The road out of Rhyolite. As you can see if you lived there neighbors were not a problem....

I didn't step one foot off the road!

What is left of the rail road coming to Rhyolite.

Out next stop was the Alabama Hills. A short ride before we leave Lone Pine. Just looking at these pictures you can imagine your favorite Hollywood cowboy riding here.

Dramatic geology everywhere you look.

Behind the Alabama Hills are the High Sierra mountain range. Still snow on the tops but not nearly enough.

The sexiest rock in the area.

Proof I rode here.

A quick road side stop. Nice to find some shade.

The only proof I was here.

After Lone Pine we headed north on Hwy 395. Surprisingly cold and damp.

The next day we headed to Bodie , Ca. I have wanted to go here for years but it is certainly off the beaten track. We rode 20+ miles up a winding road us the side of a mountain. Bodie is locate at over 12,000 feet elevation so it is above the tree line.

Bodie is an abandon mining town. Silver and gold were discovered there in the mid 1800s and was actively mined up to the 1940s

Billions of dollars worth of silver and gold were brought out of there. Sadly Mr. Brodie who discovered the location never saw a penny. He froze to death his second year there.

At one point it was a fairly large city with lots of amenities. Imagine in the 1800s hauling all the supplies up this mountain my horse and buggy. It is located so high EVERYTHING had to be brought in. There were no trees for lumber and it was to high to grow much food and hunting was scarce. Slightly easier when the automobile was invented.
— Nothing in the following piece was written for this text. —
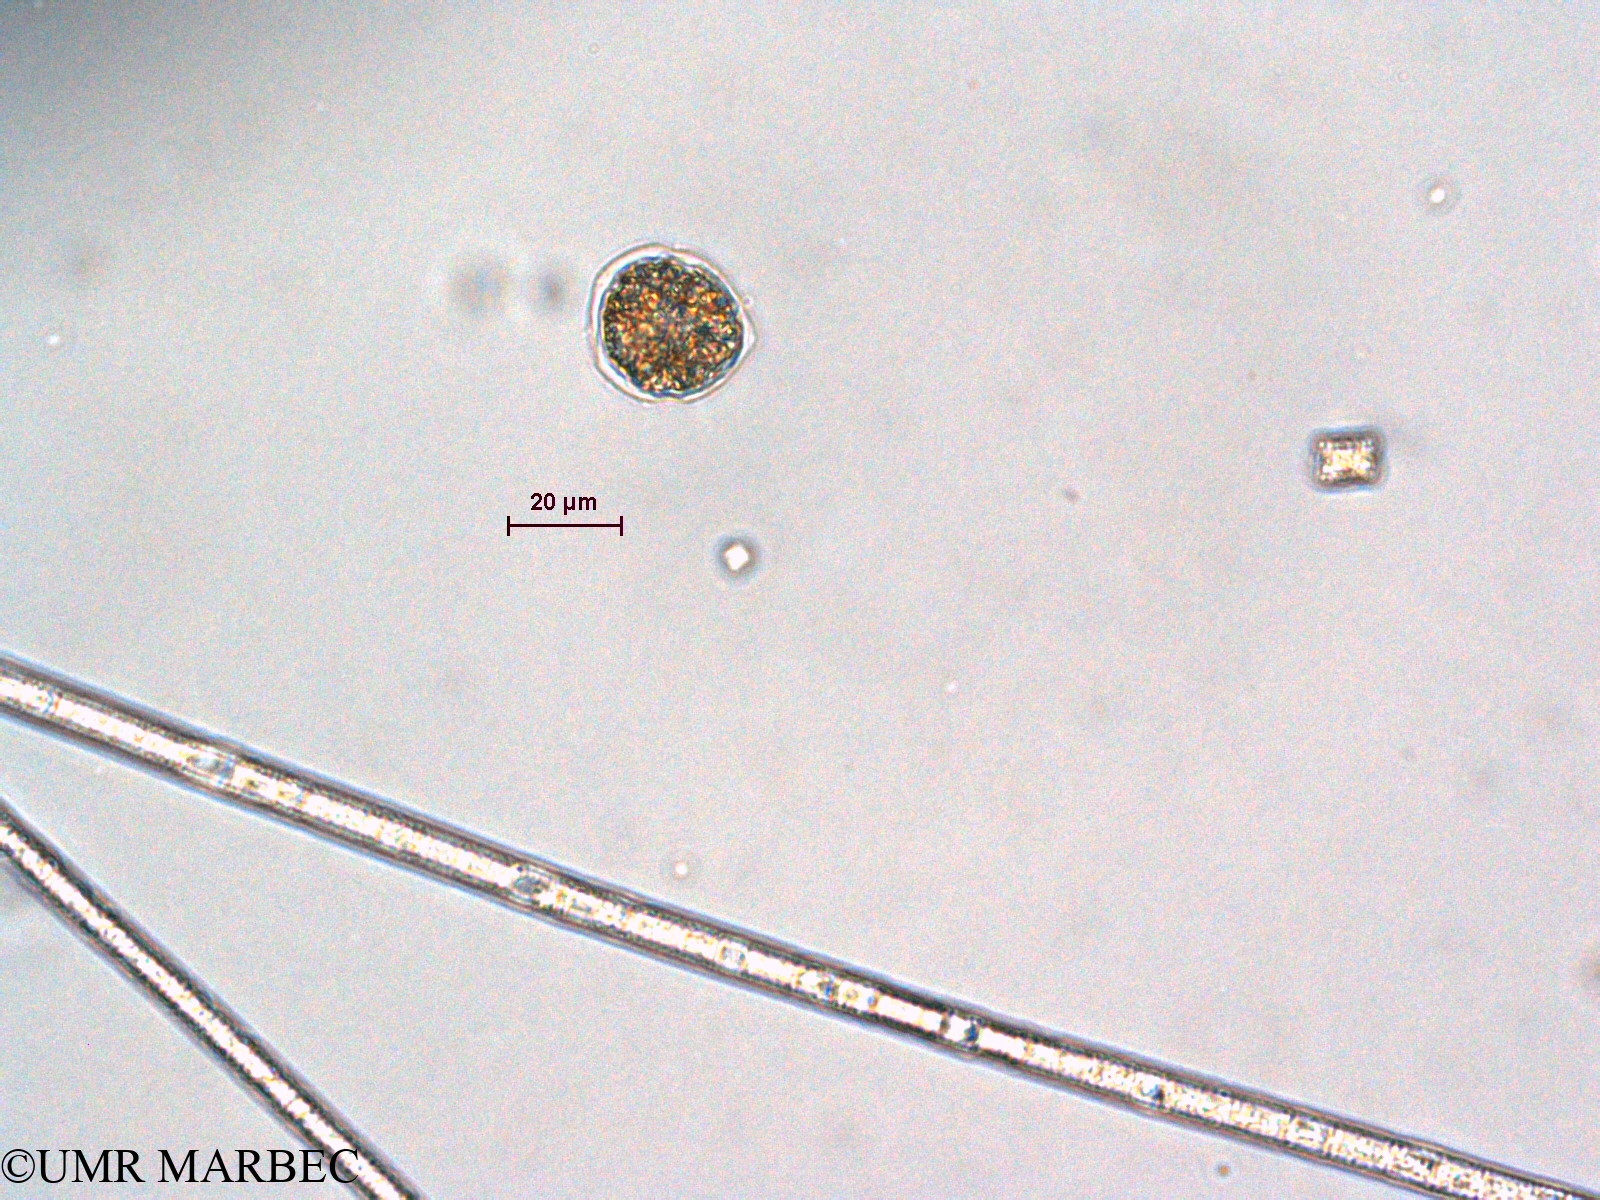 phyto/Scattered_Islands/all/COMMA April 2011/Scrippsiella spp  (ancien Dino g cf protoperidinium)(copy).jpg

It is amazingly well preserved. 

A few of the homes are still lived in by park rangers and occasional guests.

Some of the stores still have some inventory in them!

When the people left, they just left. Most buildings have lots of belongings in them.

The first and only gas station in Bodie.

If I had lived by then this would have been my shop, the only auto repair shop in town.

Hope you enjoyed this brief tour of California History.